How not to be "spammy"?
Sorry, your comment looks too much like spam. Please try to be a little less spammy.
I've just tried to answer a post, and I got this message saying that I am being too "spammy", but I just wrote a grammatical explanation.
Does anyone know anything about the spam algorithm, so I can avoid being spammy?
7 Answers
Ok, I've just managed to post that "spammy" message right here. All I had to do was to add bullet points, which were missing in the original one (it was just one line below the other). The message was:
There is no tense called subjunctive. Subjunctive is a mood, like indicative, and there are many tenses for each mood.
indicative
- present indicative
- present perfect indicative
- imperfect indicative
- preterite indicative
- pluperfect indicative
- future indicative
- future perfect indicative
- conditional indicative
- conditional perfect indicative
subjunctive
- present subjunctive
- present perfect subjunctive
- imperfect subjunctive
- pluperfect subjunctive
- future subjunctive
- future perfect subjunctive
Look at the answer? I couldn't write my answer; I had to save it on a word document. This is the link.
First line of what I wrote:
There is no tense called subjunctive. Subjunctive is a mood, like indicative, and there are many tenses for each mood.
Second line of what I wrote:
indicative
Third line of what I wrote:
present indicative
Shall I continue?
We use a popular spam filter called Akismet, and, unfortunately, I don't know exactly how it works.
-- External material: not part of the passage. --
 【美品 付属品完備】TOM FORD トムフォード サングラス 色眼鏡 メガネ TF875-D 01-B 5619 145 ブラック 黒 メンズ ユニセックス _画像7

They don't really publicize that -- if they did, actual spammers would find it a lot easier to game the system.
Their FAQ isn't very helpful:
How does it work?
When a new comment, trackback, or pingback comes to your site it is submitted to the Akismet web service which runs hundreds of tests on the comment and returns a thumbs up or thumbs down.
What stops the system from being gamed?
Well without giving too much of the secret sauce away, we can safely say that it would be pretty difficult to poison Akismet. We use dozens of factors to determine the spamminess of a submission, and we also have an identity attached to everyone using and contributing to the system, which allows us to do some interesting things with weighting and clustering activity.
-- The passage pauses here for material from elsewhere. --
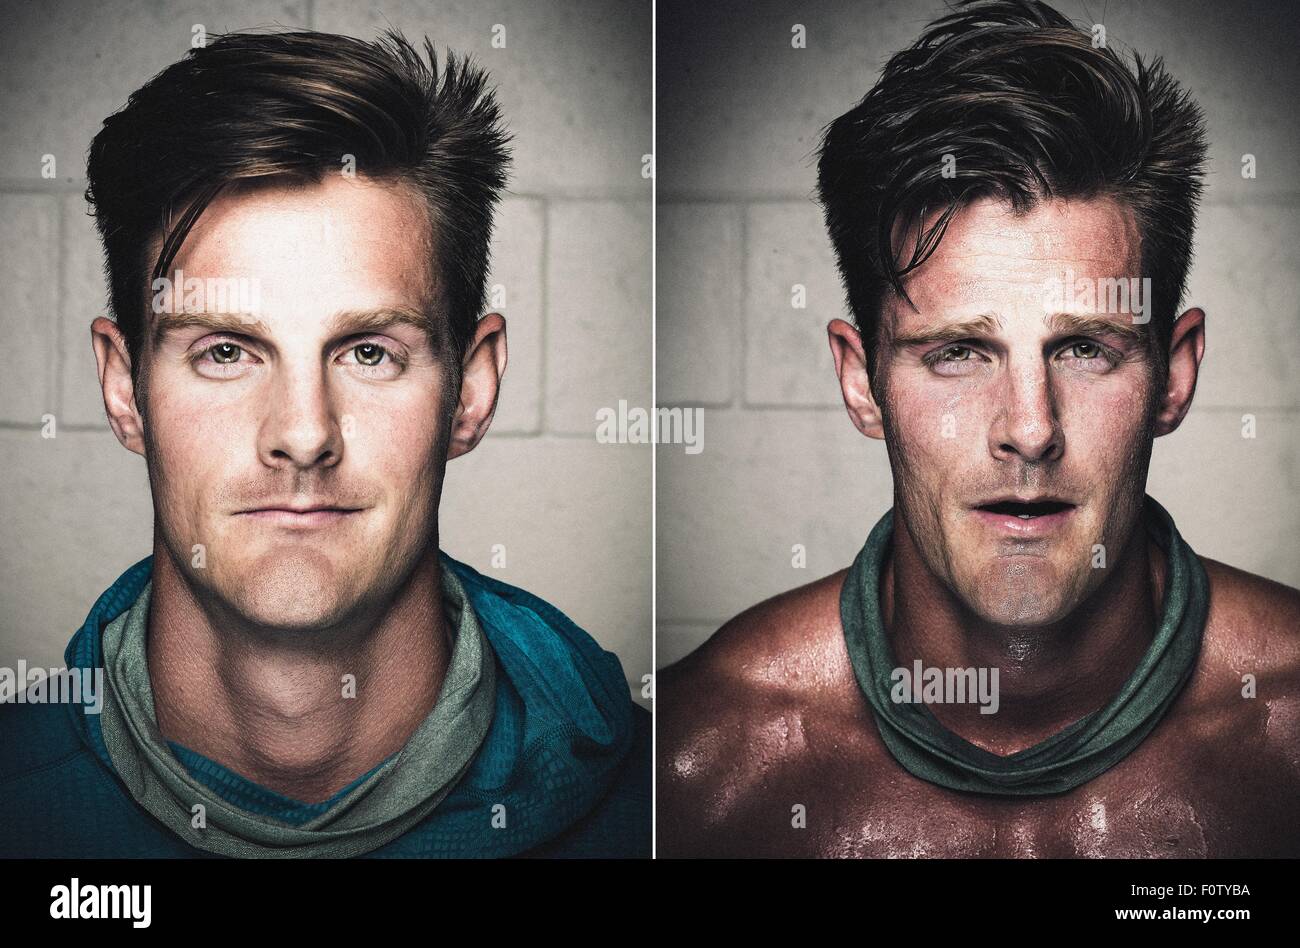 Portraits de Mid adult man avant et après entraînement Banque D'Images

There are certainly ways we could handle spam a little better. For now, though, I can't be of much help, I'm afraid. :(
EDIT: The spam filter is no longer checking posts by users with at least 30 reputation. See here.
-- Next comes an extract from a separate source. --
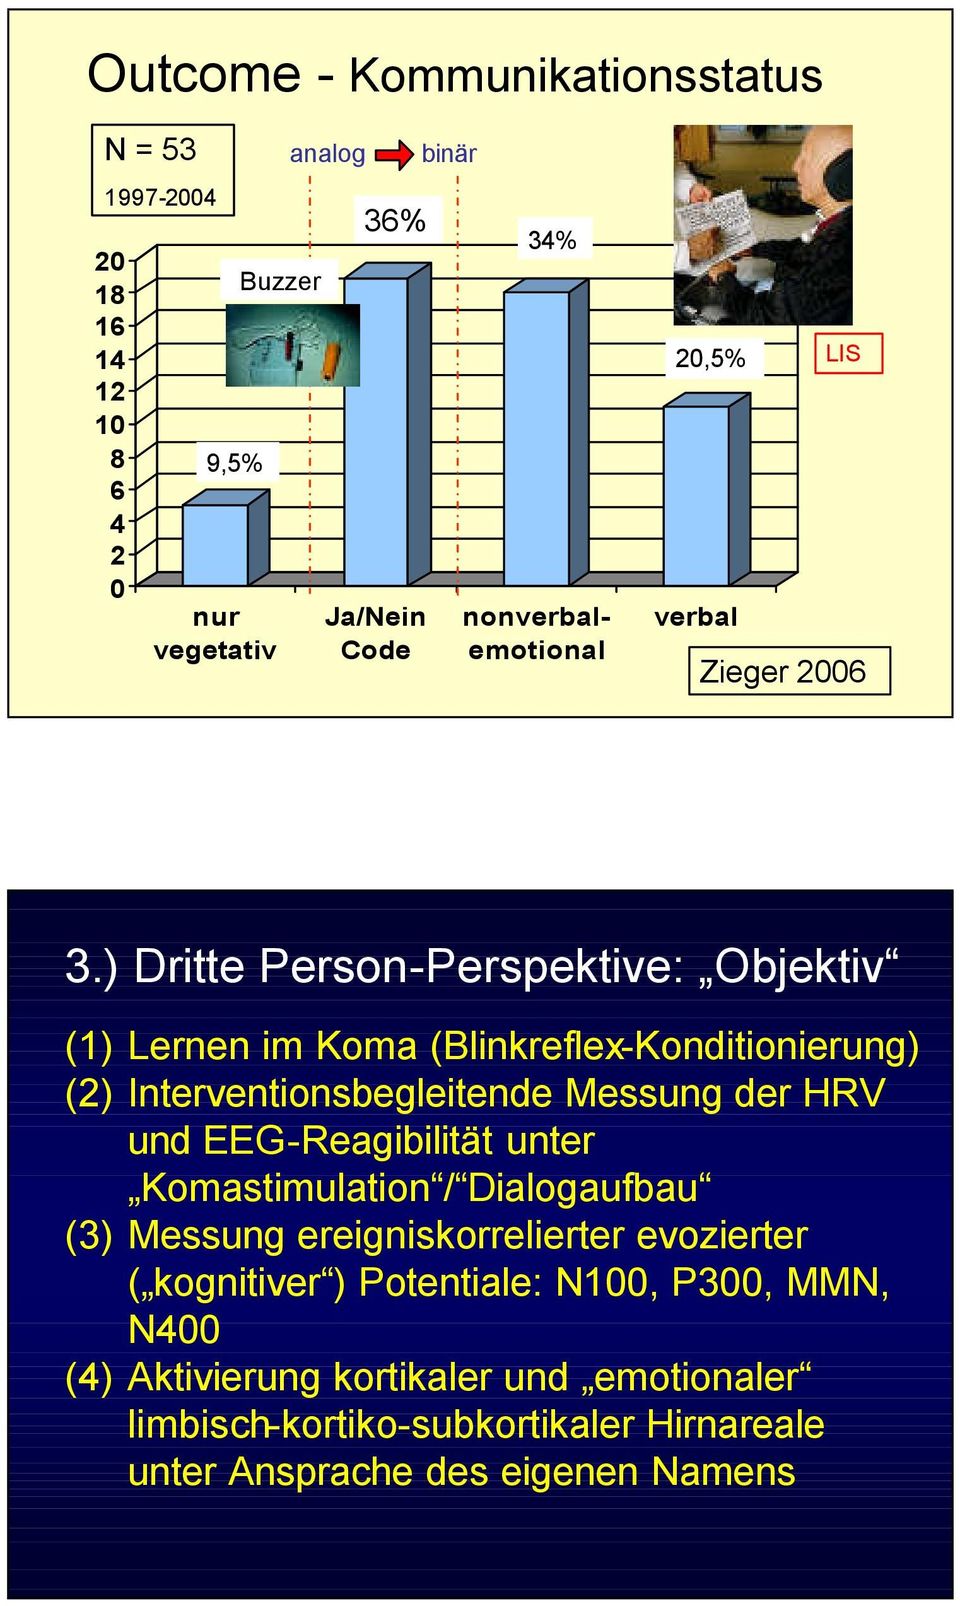 ) Dritte Person-Perspektive: Objektiv (1) Lernen im Koma (Blinkreflex-Konditionierung) (2) Interventionsbegleitende Messung der HRV und

It happened to me a few days ago when I made a post with 4 links in it (all to pages on SpanishDict.com). I thought the links might be triggering the spam filter, so I divided the msg. into two, with two links in each, and they both posted with no problem. I submitted a Feedback comment about it.
I think I was able to post one last night with 3 or 4 links in it, and those were to other sites, if I remember correctly.
Sorry, I misunderstood your post. I thought you had provided an answer and was then accused of being spammy.
When I answered your PM the other day, I just wrote my email address in the note, nothing else. That tripped the spam filter, so I know it looks for links and email addresses.
I had to add some drivel to avoid the filter.
It may help if you could point out the thread so we could look at your answer. After all, this just looks like one person's opinion.